Model loaded with full finetuning enabled.
Total parameters: 596,049,920
Trainable parameters: 596,049,920


<a name="Data"></a>
### Data Prep - Question Decomposition Dataset

We use a custom dataset of question decompositions for training. The dataset contains:
- Original multi-hop questions
- Decomposed single-hop questions with retrieval flags
- Each example is formatted as a user-assistant conversation

In [3]:
import json
from datasets import Dataset

# Load the question decomposition dataset
dataset_path = "/mnt/SSD6/yigit/gsw-memory/playground/question_decomp_local/q_decomp_training_5.json"

print(f"Loading dataset from: {dataset_path}")
with open(dataset_path, 'r', encoding='utf-8') as f:
    decomposition_results = json.load(f)

print(f"Loaded {len(decomposition_results)} question decompositions")

# Convert to list format
decomposition_list = list(decomposition_results.values())

print(f"\nExample structure:")
print(f"Keys: {decomposition_list[0].keys()}")
print(f"\nFirst example:")
print(f"Question ID: {decomposition_list[0]['question_id']}")
print(f"Original Question: {decomposition_list[0]['original_question']}")
print(f"Decomposed Questions: {decomposition_list[0]['decomposed_questions']}")

Loading dataset from: /mnt/SSD6/yigit/gsw-memory/playground/question_decomp_local/q_decomp_training_5.json
Loaded 802 question decompositions

Example structure:
Keys: dict_keys(['question_id', 'original_question', 'decomposed_questions'])

First example:
Question ID: 2hop__42543_20093
Original Question: What year did the writer of Crazy Little Thing Called Love die?
Decomposed Questions: [{'question': 'Who wrote "Crazy Little Thing Called Love"?', 'requires_retrieval': True}, {'question': 'In what year did <ENTITY_Q1> die?', 'requires_retrieval': True}]
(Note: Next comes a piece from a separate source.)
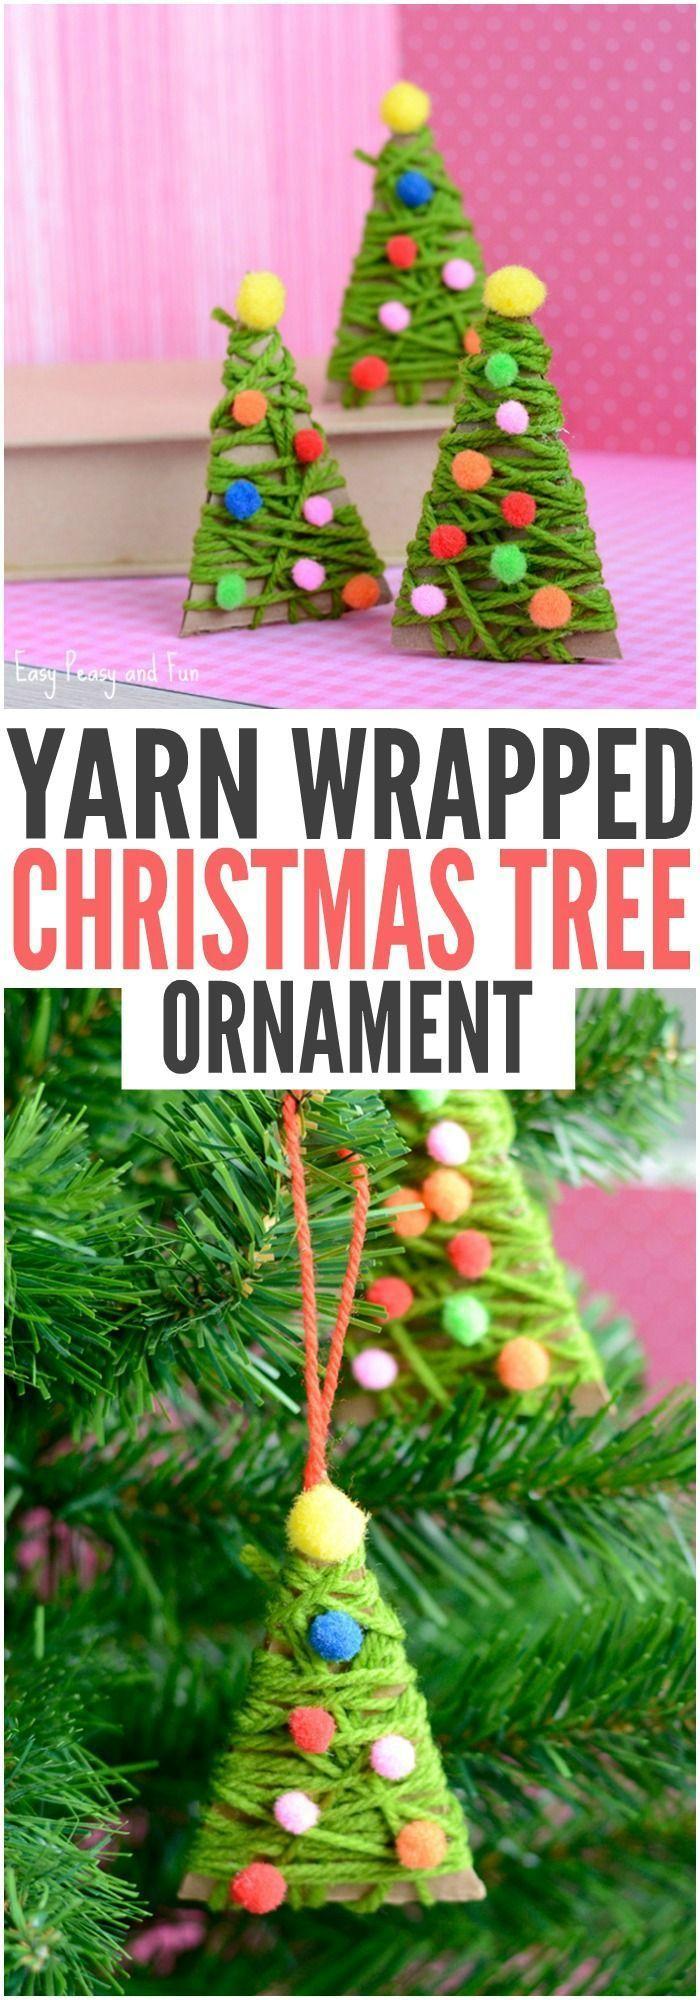 DIY Yarn Wrapped Christmas Tree Ornament

### Convert to Chat Format

Now we'll convert each example into chat format for training

In [4]:
def create_chat_messages(example):
    """
    Convert a single example into chat format for training.
    
    Args:
        example: Dict with 'original_question' and 'decomposed_questions' keys
    
    Returns:
        Dict with 'messages' key containing the chat-formatted data
    """
    original_question = example['original_question']
    decomposed_questions = example['decomposed_questions']
    
    # Serialize the decomposed questions to JSON format (this is what the model should output)
    assistant_response = json.dumps(
        {"questions": decomposed_questions},
        indent=4,
        ensure_ascii=False
    )
    
    # Create the instruction prompt for the user (same as used in question_decomp_lora_ft.py)
    user_prompt = f"""Your task is to break down a complex multi-hop question into the most efficient sequence of single-hop, **atomic** questions.
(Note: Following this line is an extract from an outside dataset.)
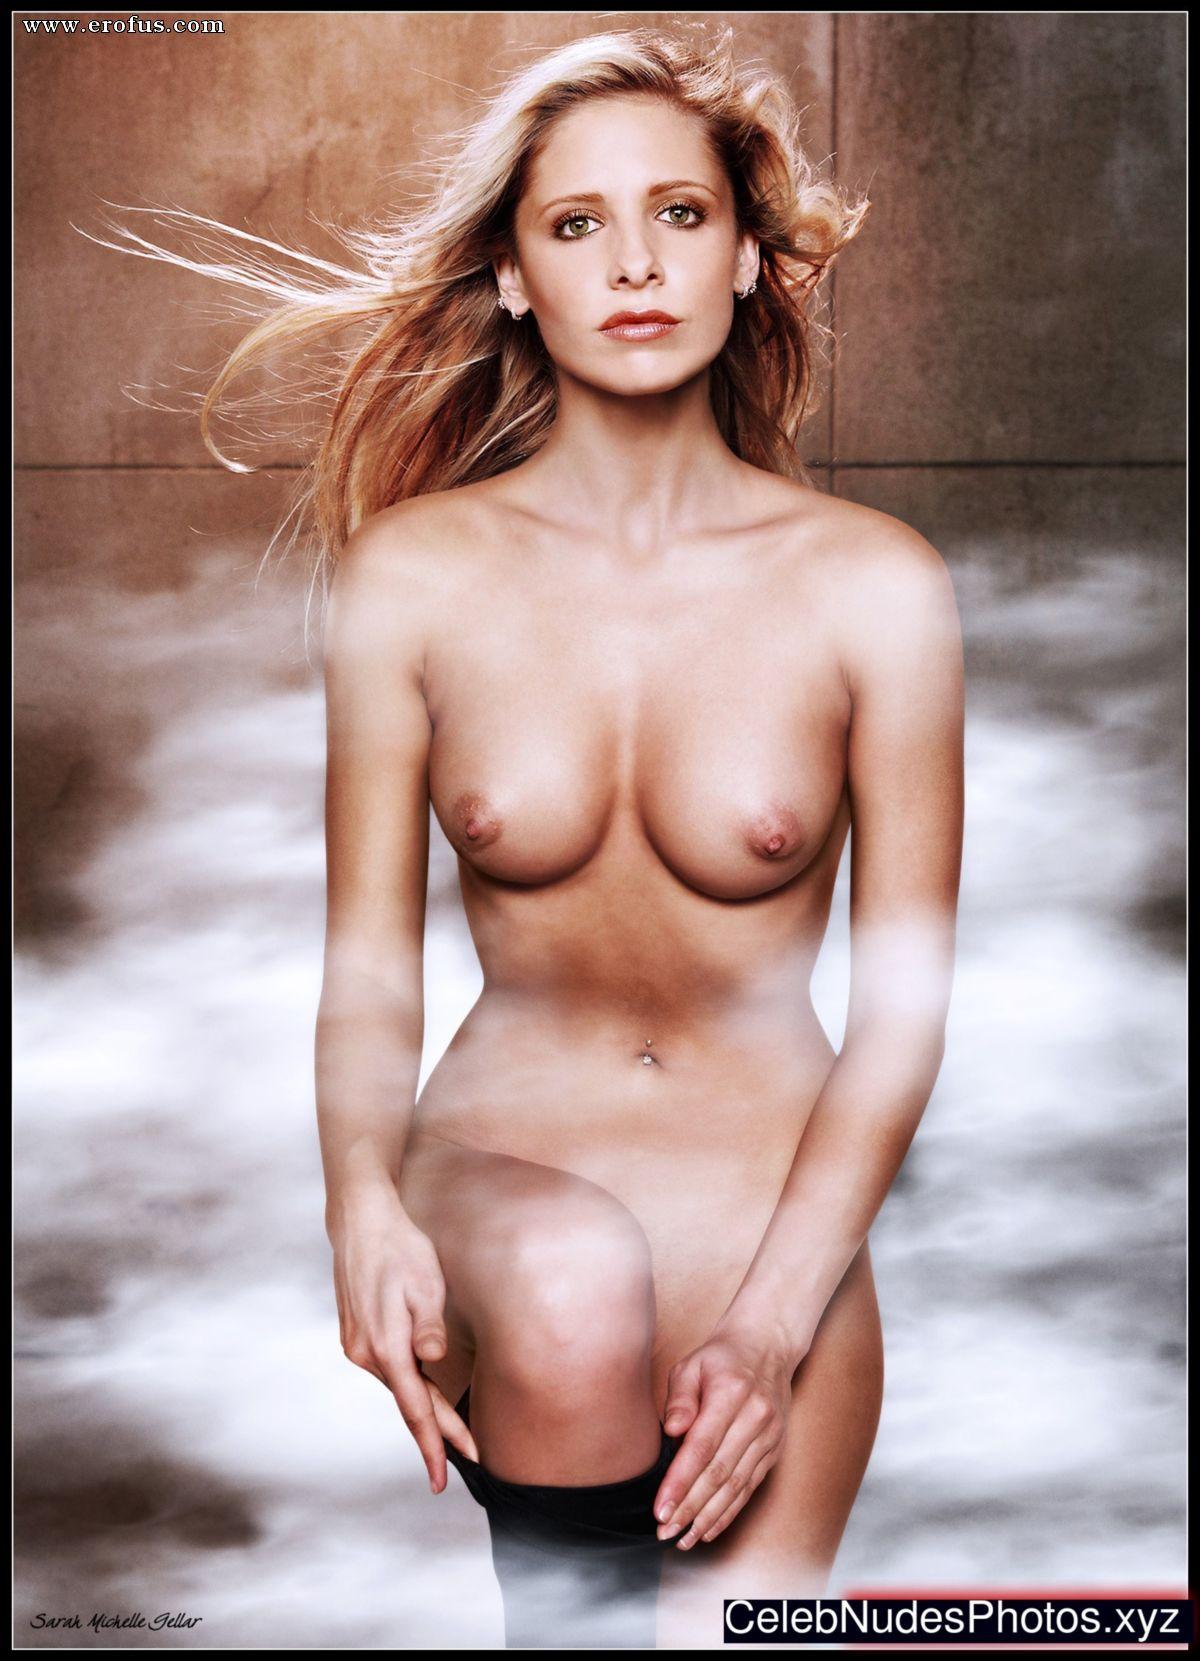 Sarah michelle gellar nude fakes

## Your Main Goal: Build Smart Bridges, Don't Just Collect Nouns
The most critical skill is to convert complex logical clauses (like "despite," "the country where," "the year before") into a single, powerful **bridging question**. This question should use a known entity as context to find the next one. Avoid finding all the entities separately and then trying to figure out how they connect.

---
## A Simple Analogy for Efficiency

**Question:** "What is the phone number of the mother of the tallest player on the Lakers?"

** Inefficient Path:**
1.  Who are the players on the Lakers?
2.  What are all their heights?
3.  Who is the mother of the tallest player? *(This step is a logical leap)*

** Efficient Path:**
1.  Who is the tallest player on the Lakers?
2.  Who is the mother of `<ENTITY_Q1>`?
3.  What is the phone number of `<ENTITY_Q2>`?

---
## How to Decompose a Question
This process follows a logical flow from high-level analysis to the fine-tuning of your question chain.

### 1. Analyze the Query's Components
First, break down the original question into its fundamental building blocks. Identify the core **entities** (people, places, organizations), their **properties** (attributes like rank, location, date), and the **relationships** that connect them.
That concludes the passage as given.